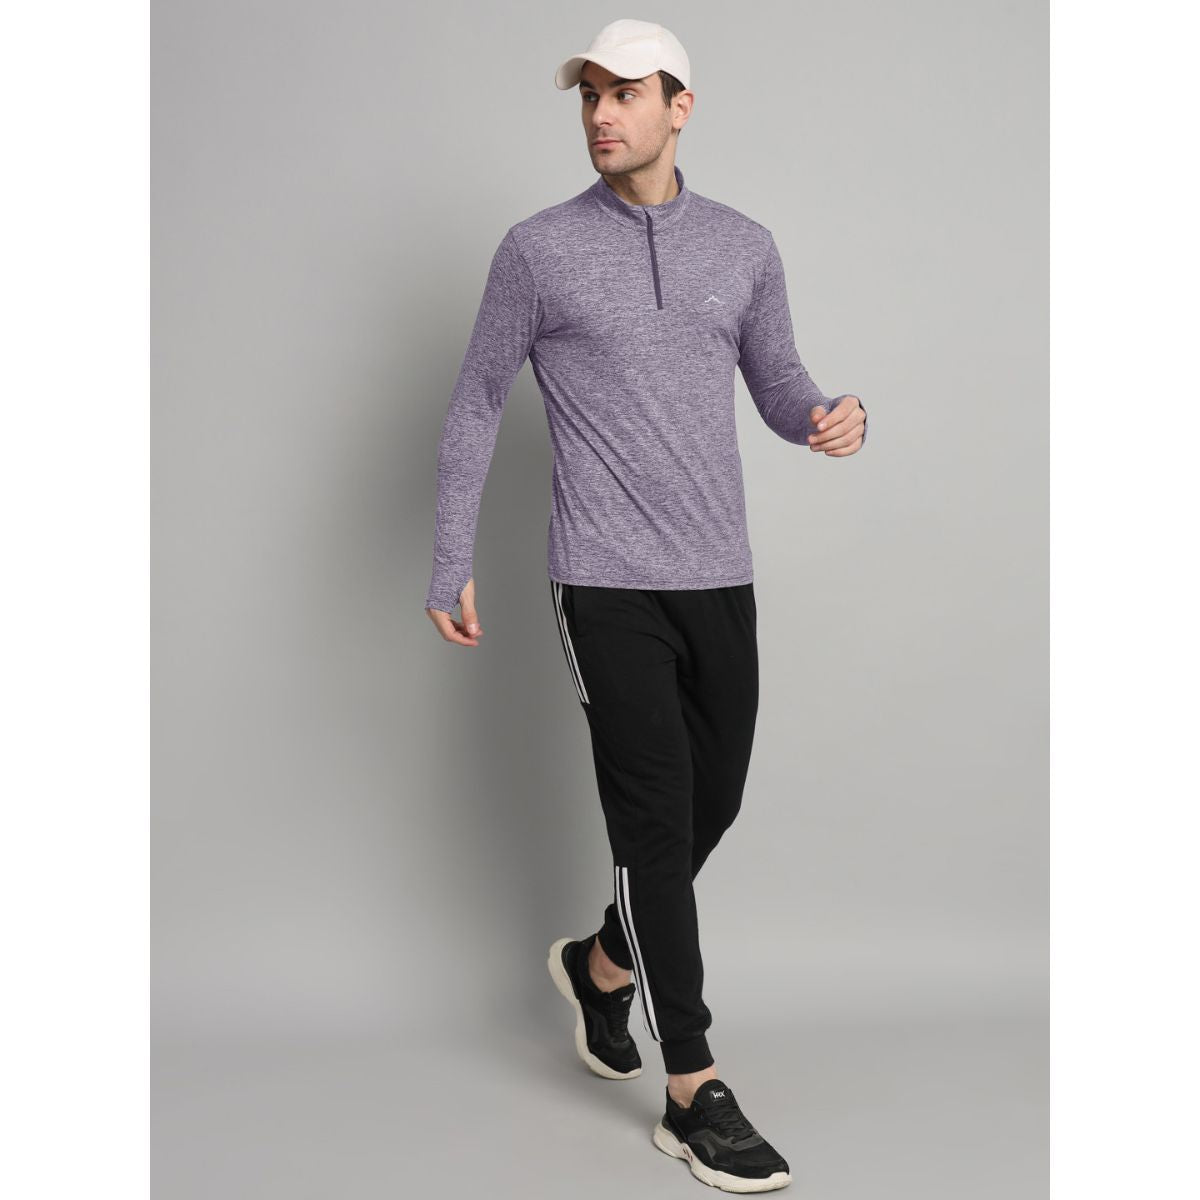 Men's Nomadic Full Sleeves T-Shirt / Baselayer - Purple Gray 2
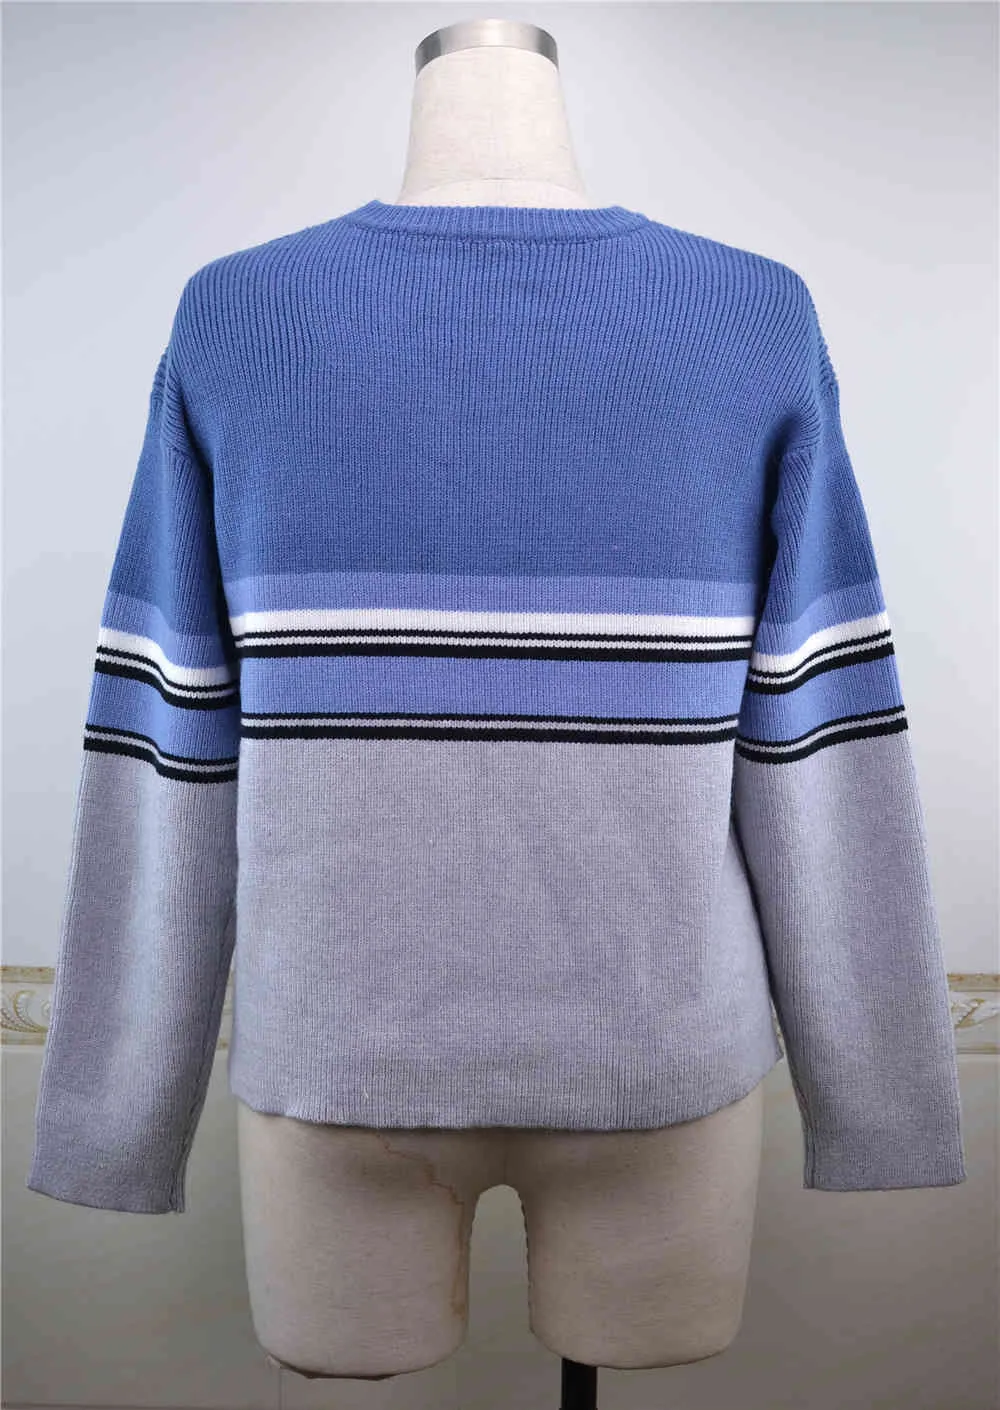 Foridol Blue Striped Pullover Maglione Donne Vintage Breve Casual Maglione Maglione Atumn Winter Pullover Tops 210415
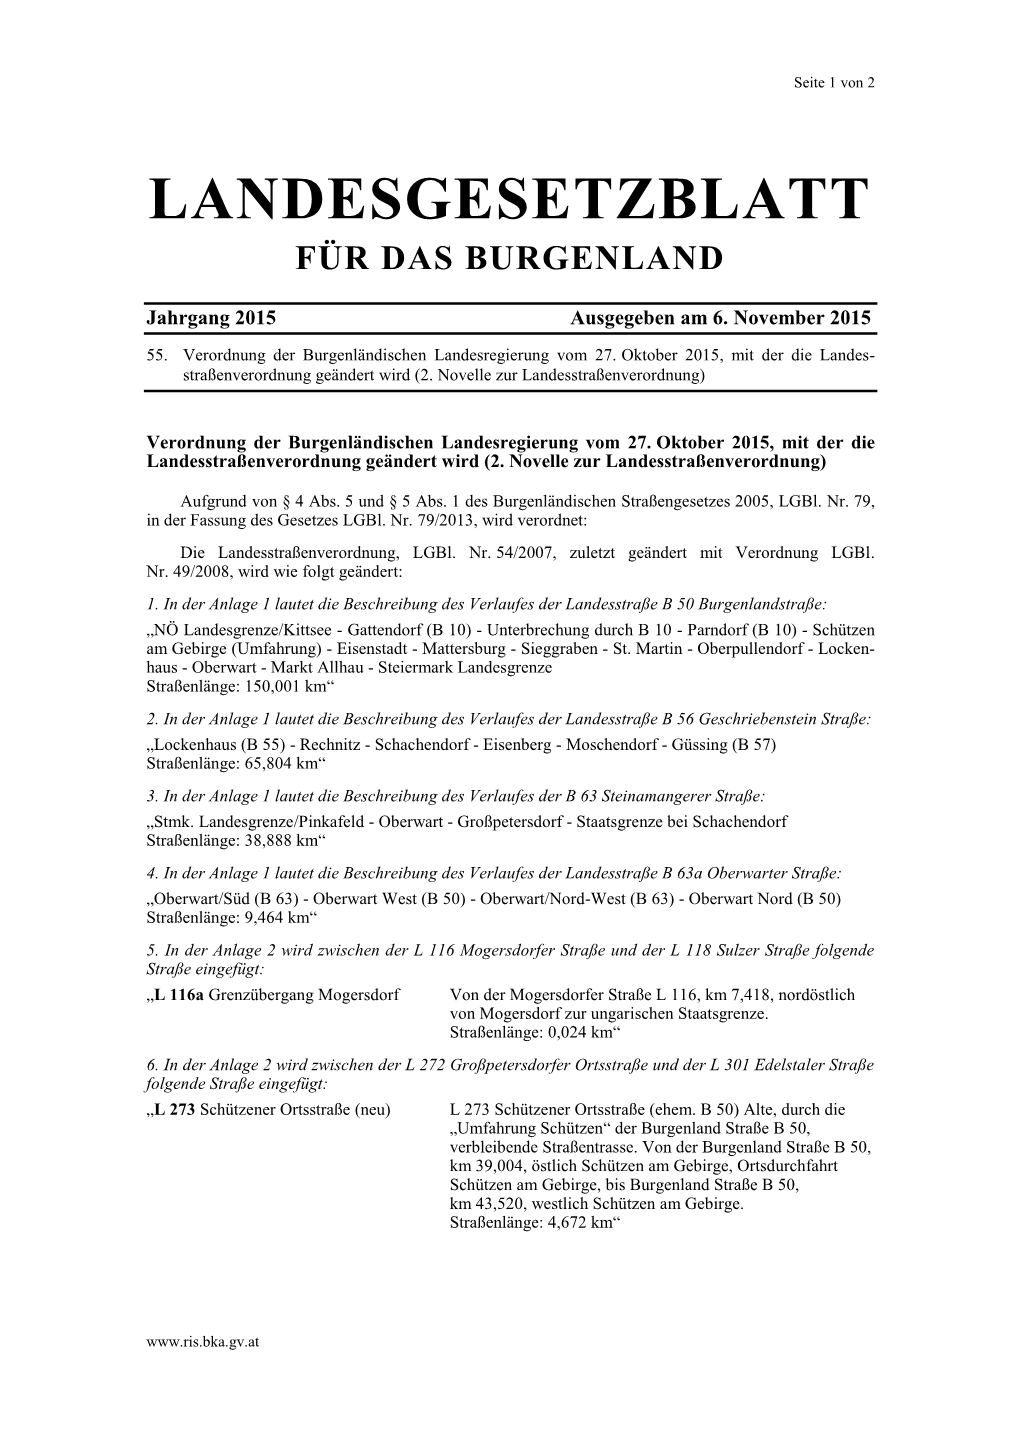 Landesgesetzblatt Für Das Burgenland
══════════════════════════════
Assignment: Leaving the pictures out, copy exactly the lines from the line that contains "Foridol Blue Striped" to the last line of the data, both ends included.

The answer:
 Foridol Blue Striped Pullover Maglione Donne Vintage Breve Casual Maglione Maglione Atumn Winter Pullover Tops 210415
 Landesgesetzblatt Für Das Burgenland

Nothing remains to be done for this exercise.